Problem statement -
Excluding pictures, reproduce word for word the lines from the one containing "Fishing boat in" through the end of the material below.

[[ Given information open ]]

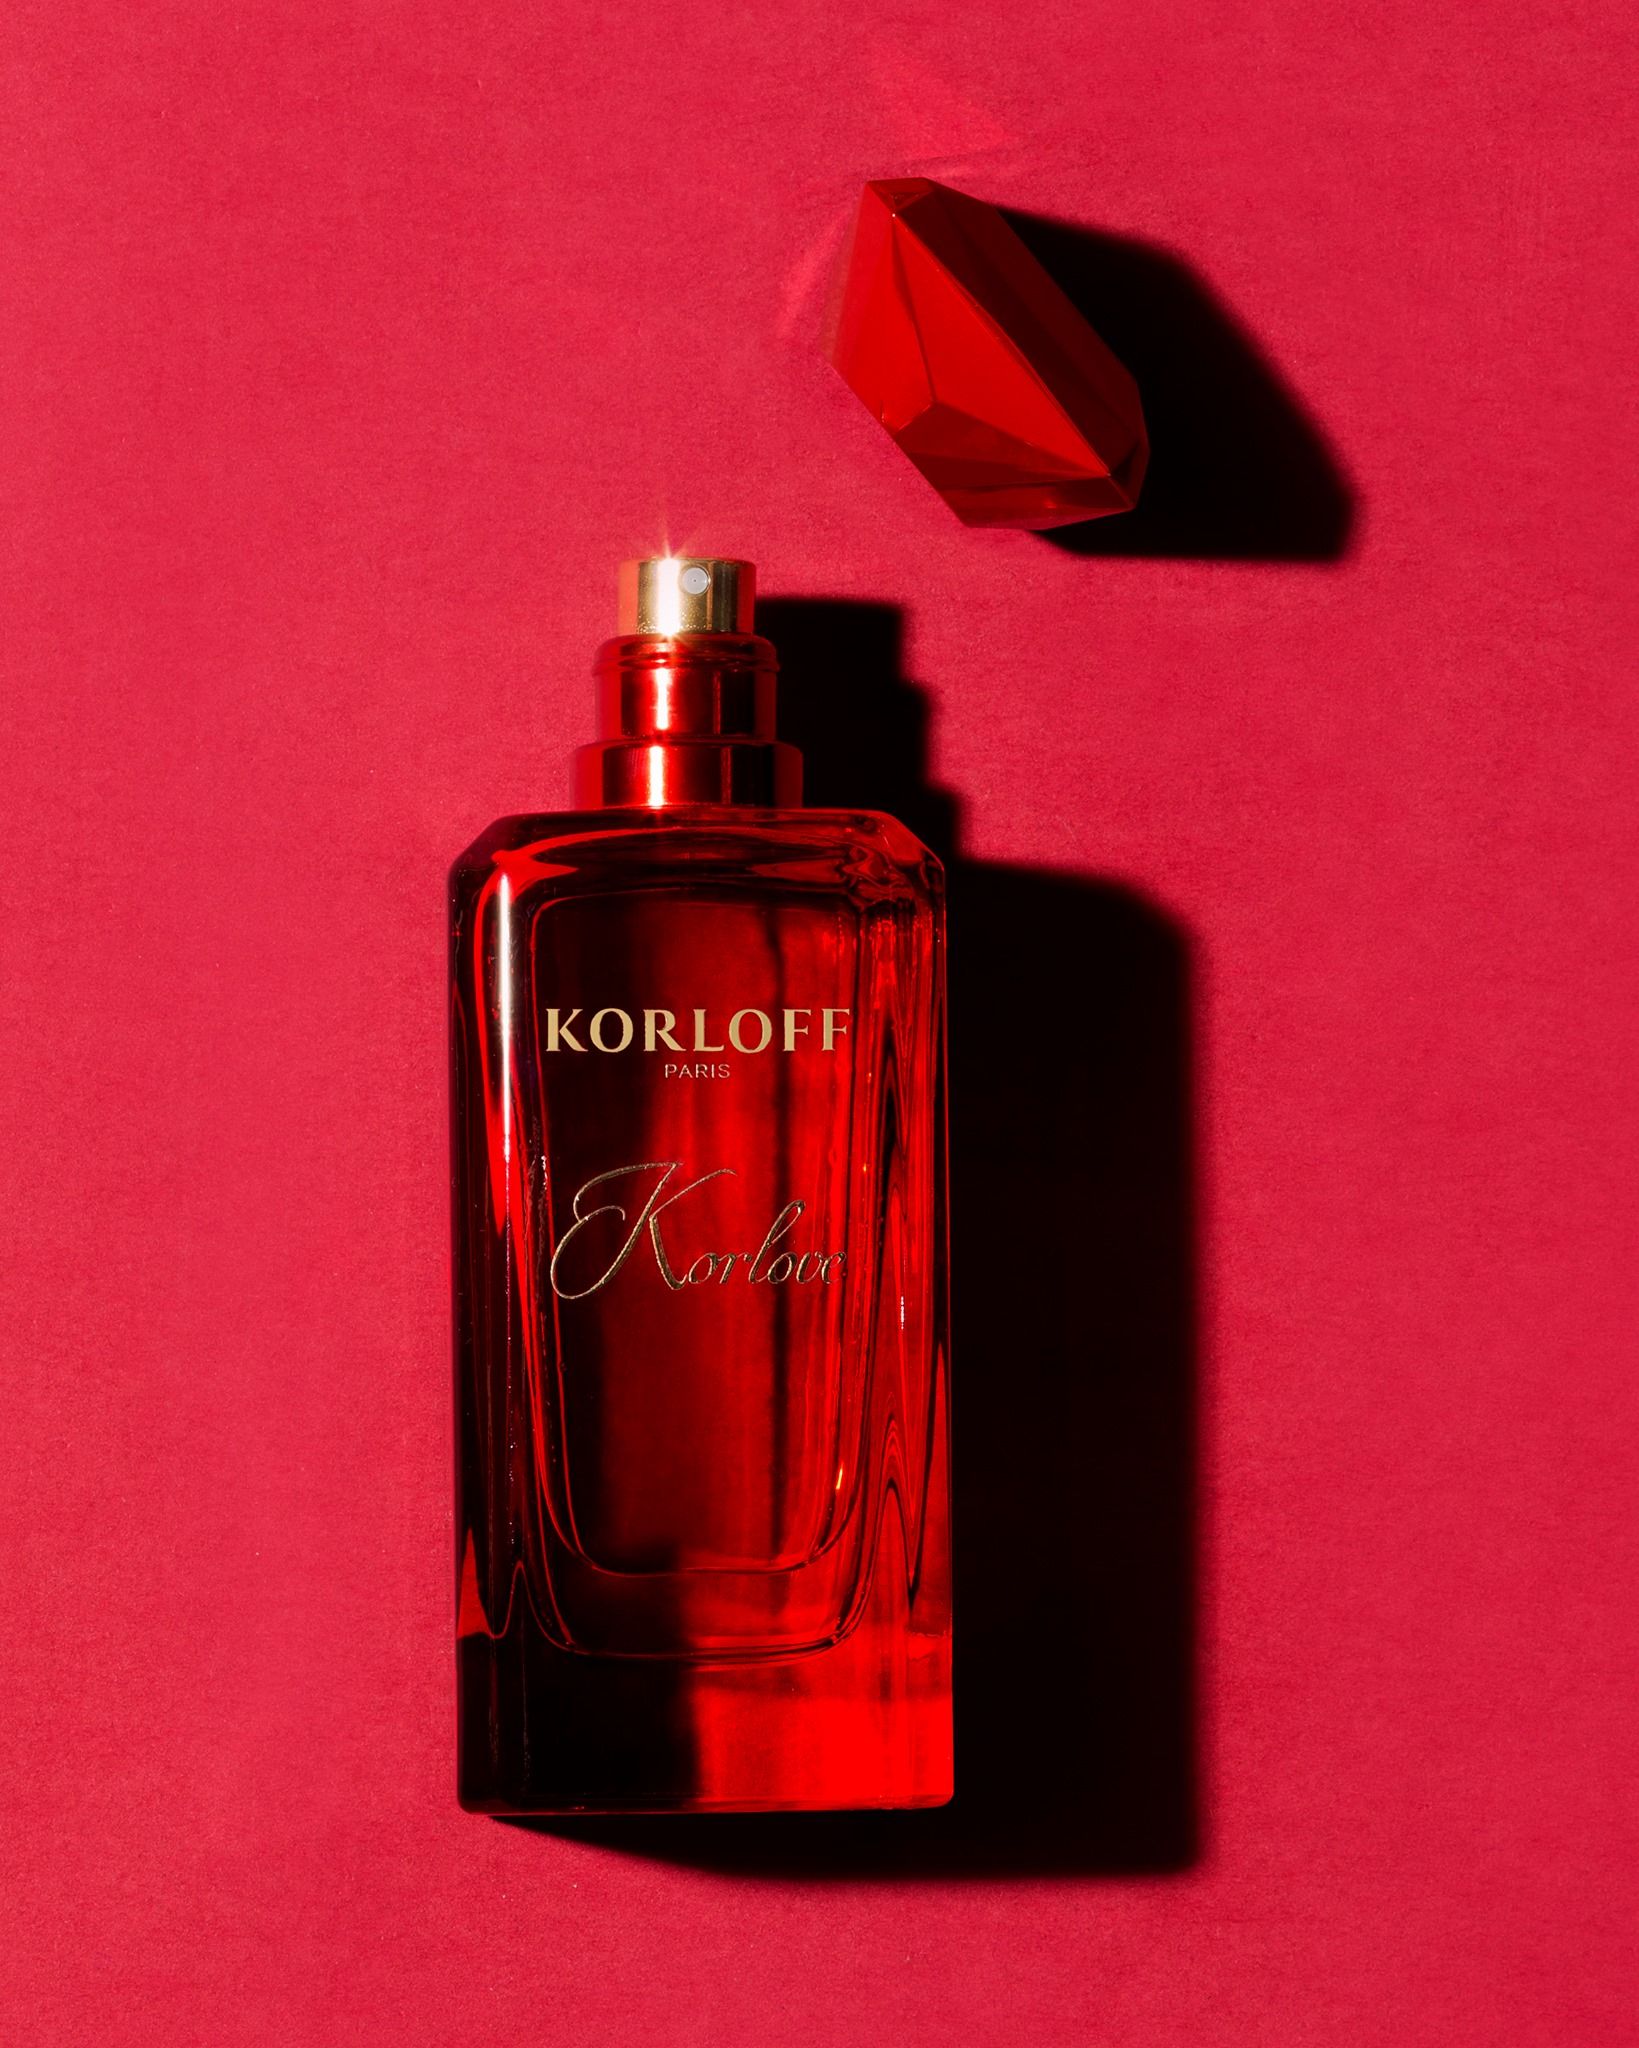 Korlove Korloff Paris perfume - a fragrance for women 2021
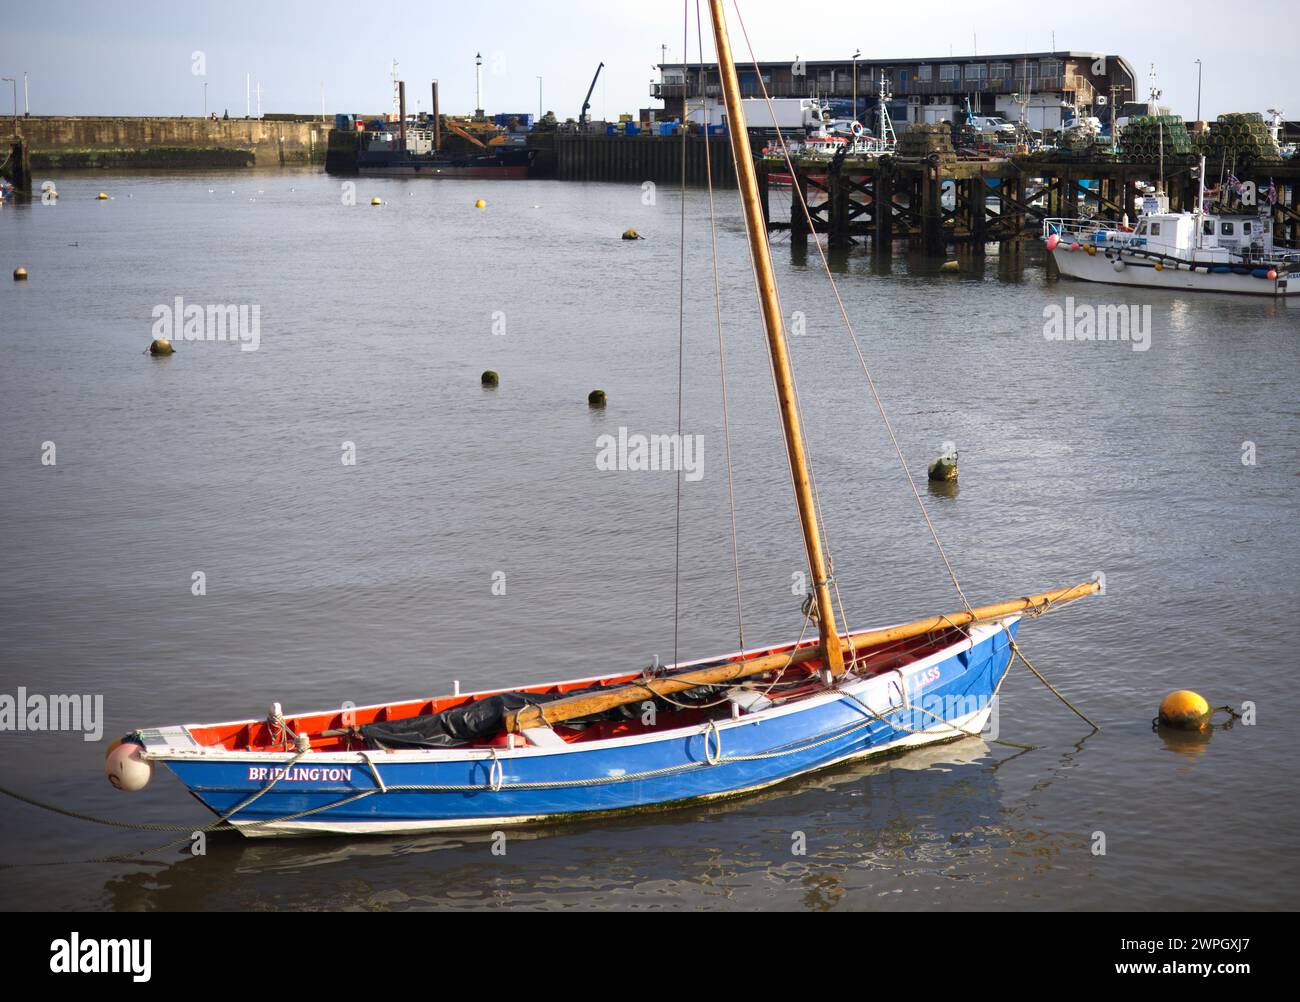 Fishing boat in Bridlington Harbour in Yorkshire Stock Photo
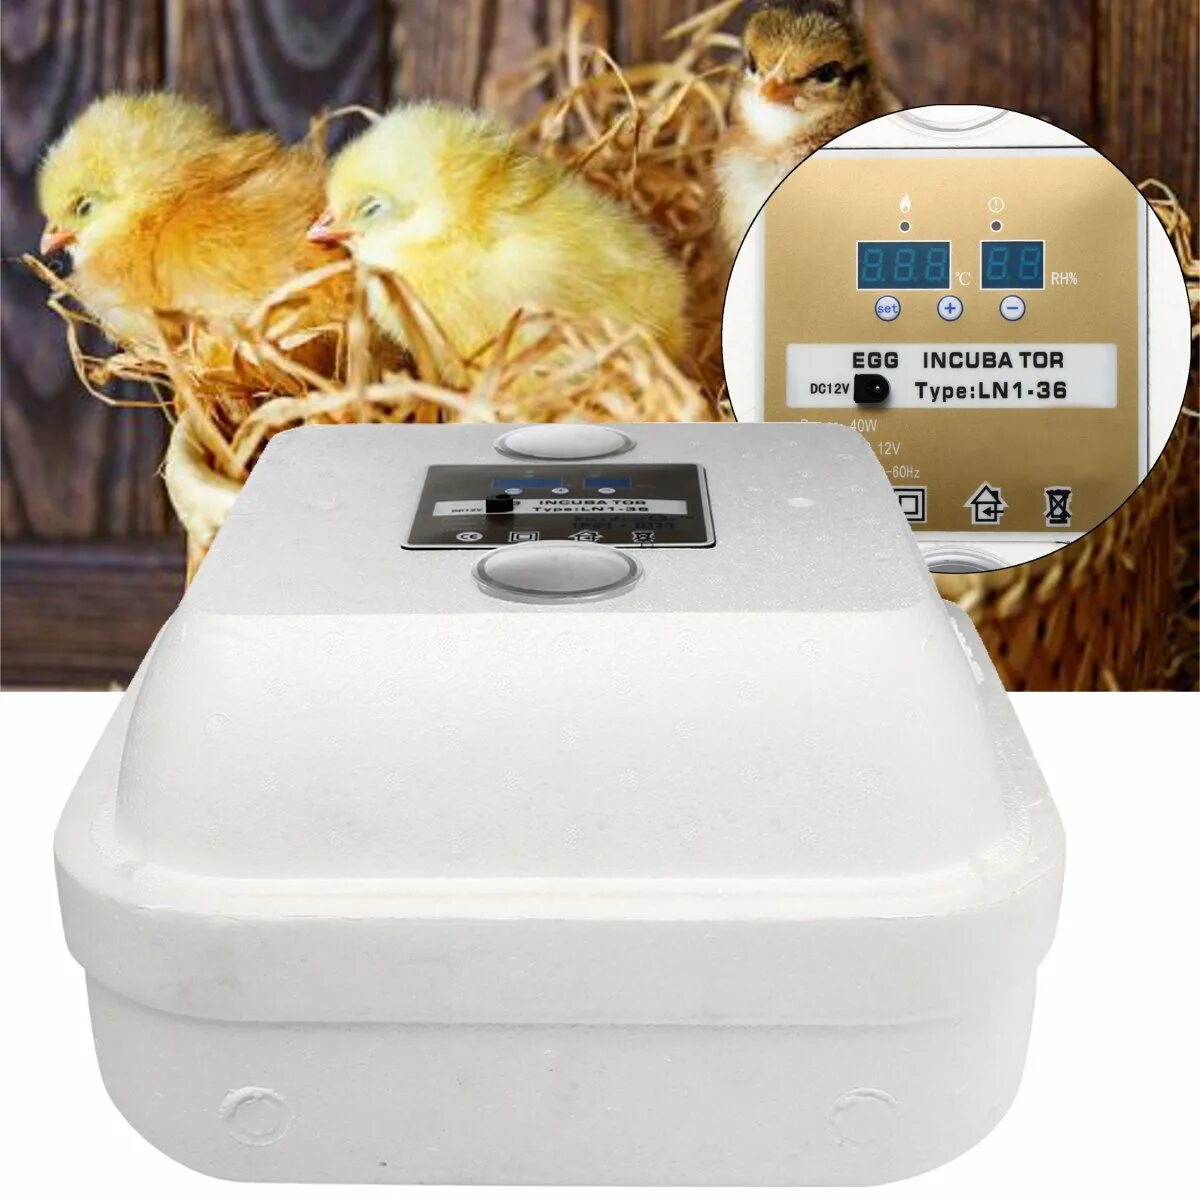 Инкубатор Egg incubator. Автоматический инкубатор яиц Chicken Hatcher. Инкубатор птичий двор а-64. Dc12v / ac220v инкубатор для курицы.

[[ Given information closed ]]

Task result -
 Fishing boat in Bridlington Harbour in Yorkshire Stock Photo
 Инкубатор Egg incubator. Автоматический инкубатор яиц Chicken Hatcher. Инкубатор птичий двор а-64. Dc12v / ac220v инкубатор для курицы.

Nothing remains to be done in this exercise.